Young immigrants all over the country are getting ready to apply for President Obama's deferred action plan. It's designed to help thousands of people stay in the U.S. legally to work and study.

Wednesday was the first day people could send in applications. Town hall meetings were held all across the state of Washington to give people advice and help with applying.

In Kennewick, St. Joseph's Church was so full of families many were forced to stand or sit on the floor. But, it was just as full of people, as it was hope and excitement.

"I have a life ahead of me and I want something better for my family ," said 23 year-old Rafael Farias.

The Farias family was just one of many at the town hall meeting to learn about applying for the Deferred Action for Childhood Arrivals process. Still, their story was the same as many others.

"I want to go to college and I want to get my papers so I can go somewhere far," said Rafael's sister Brenda Farias.

The four siblings arrived in the country as kids. Now they want the opportunity for education and a future.

"Some of us work in the fields.
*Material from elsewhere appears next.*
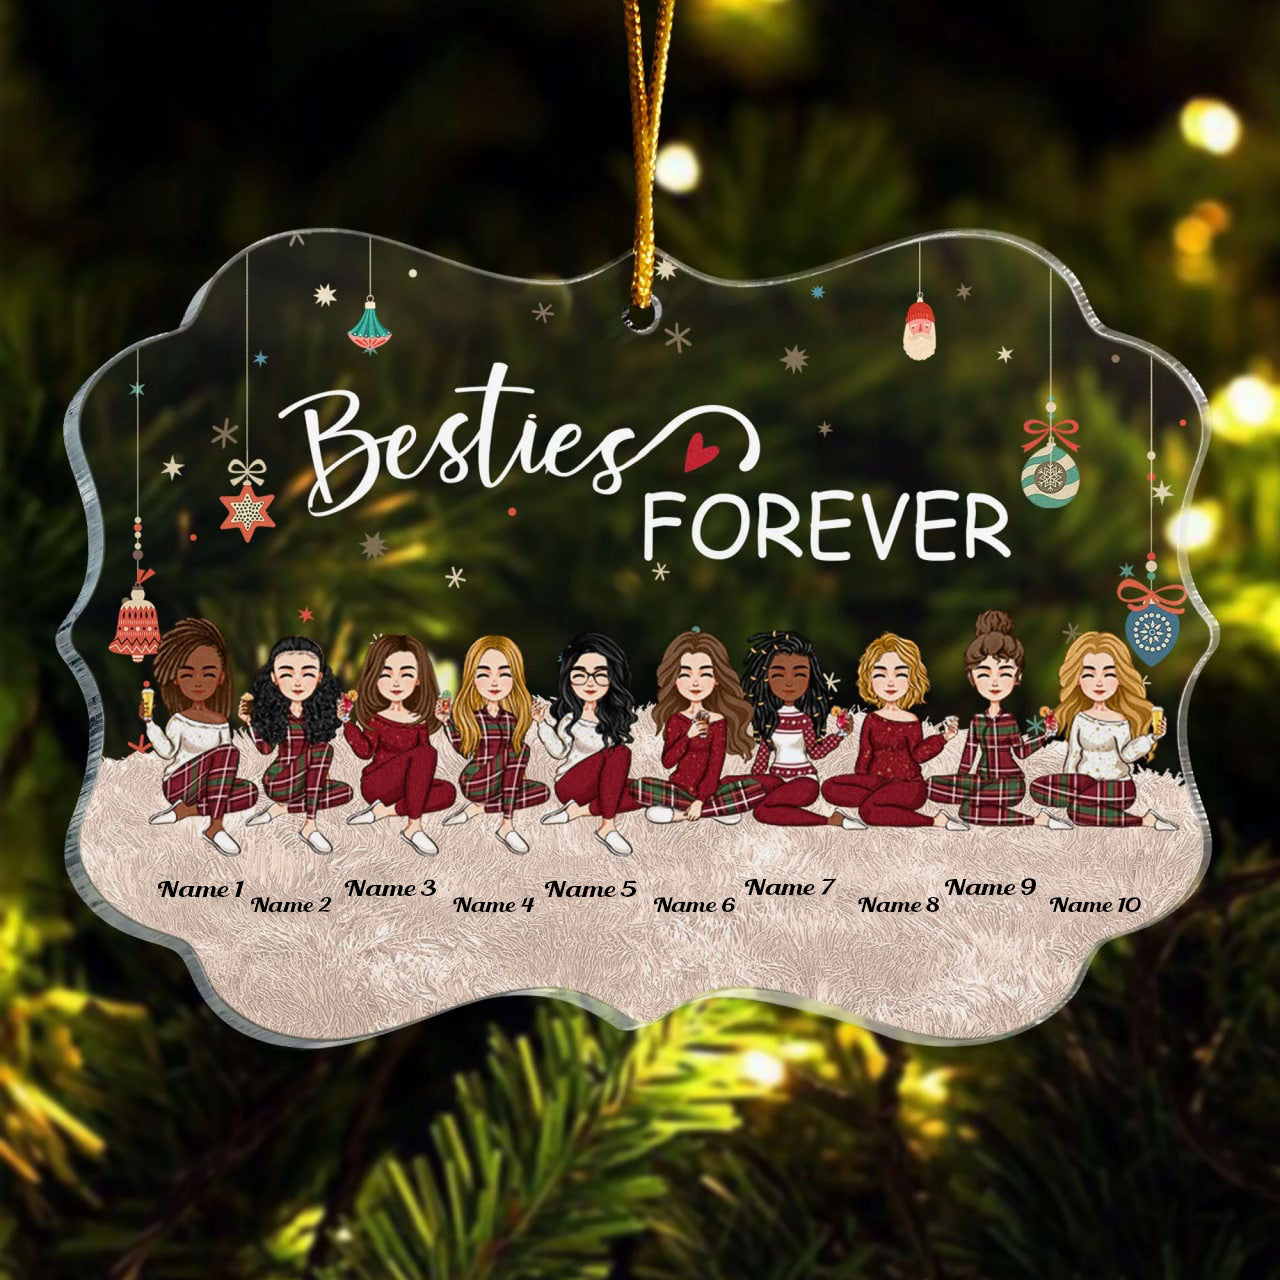 Besties Forever - Personalized Circle Acrylic Ornament - Christmas, New Year Gift For Sistas, Sister, Besties, Best Friends, Soul Sisters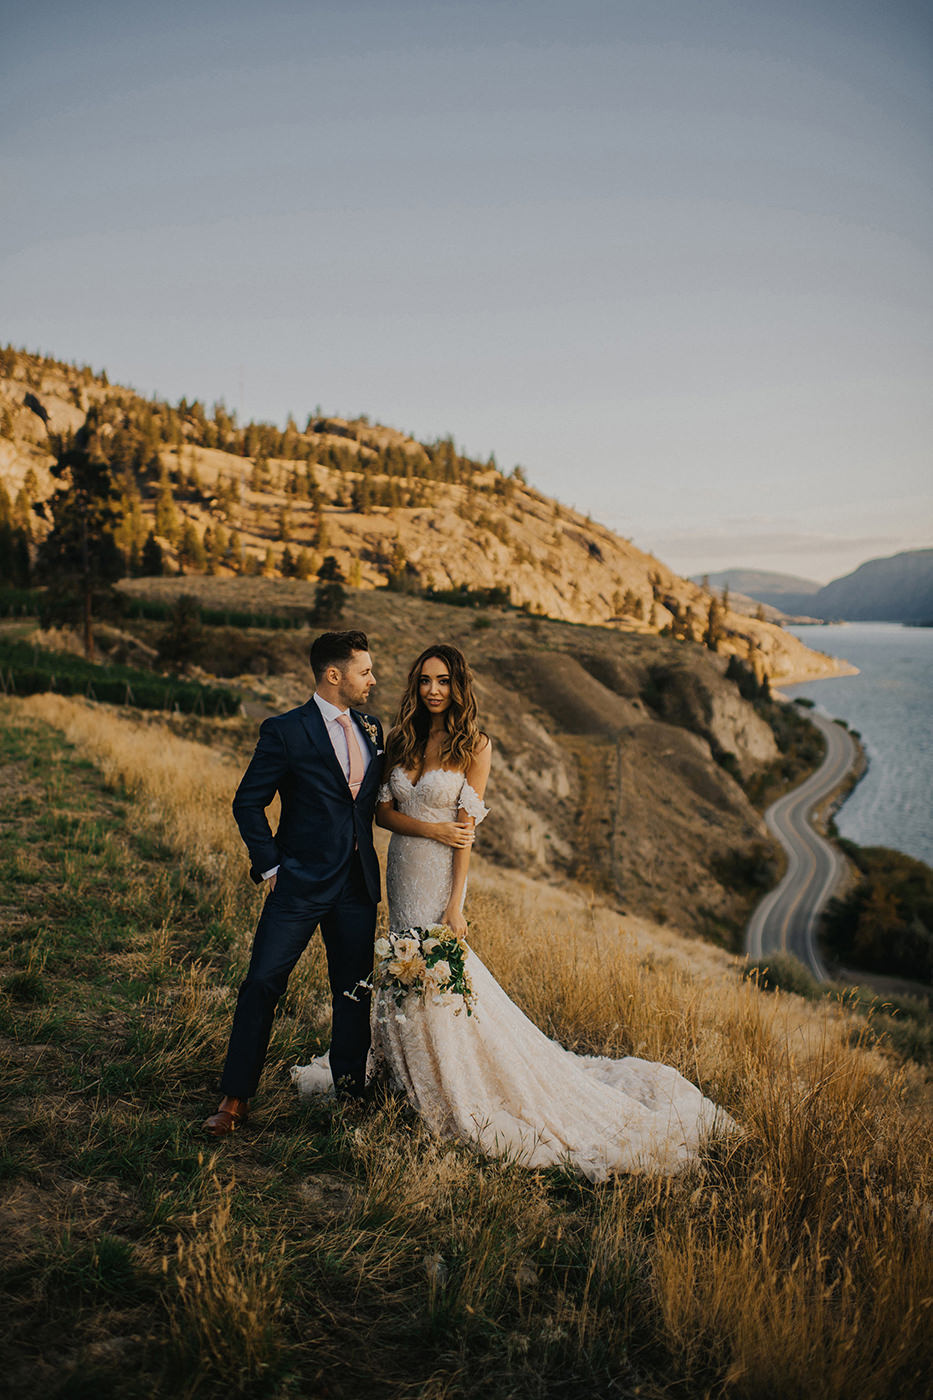 Painted Rock Winery wedding couple in the Penticton

We pick cherries, apples, nectarines, other things that people wouldn't do. But its hard for us to know you have a diploma, you go to college, and when you get out you have to go to the field to work," said Maria Farias.

If they are approved for the program, they will receive temporary deportation relief for 2 years. They can also receive a social security number for work. For the family, it's a step forward on an already hard road.

"We're trying to do better. We're not here to screw up the USA. We're trying to make it better," said Rafael.

The family still has to send in their applications, and each person must pay a filing fee of $465.

It's still unclear when people will find out if they've qualified for deferred action.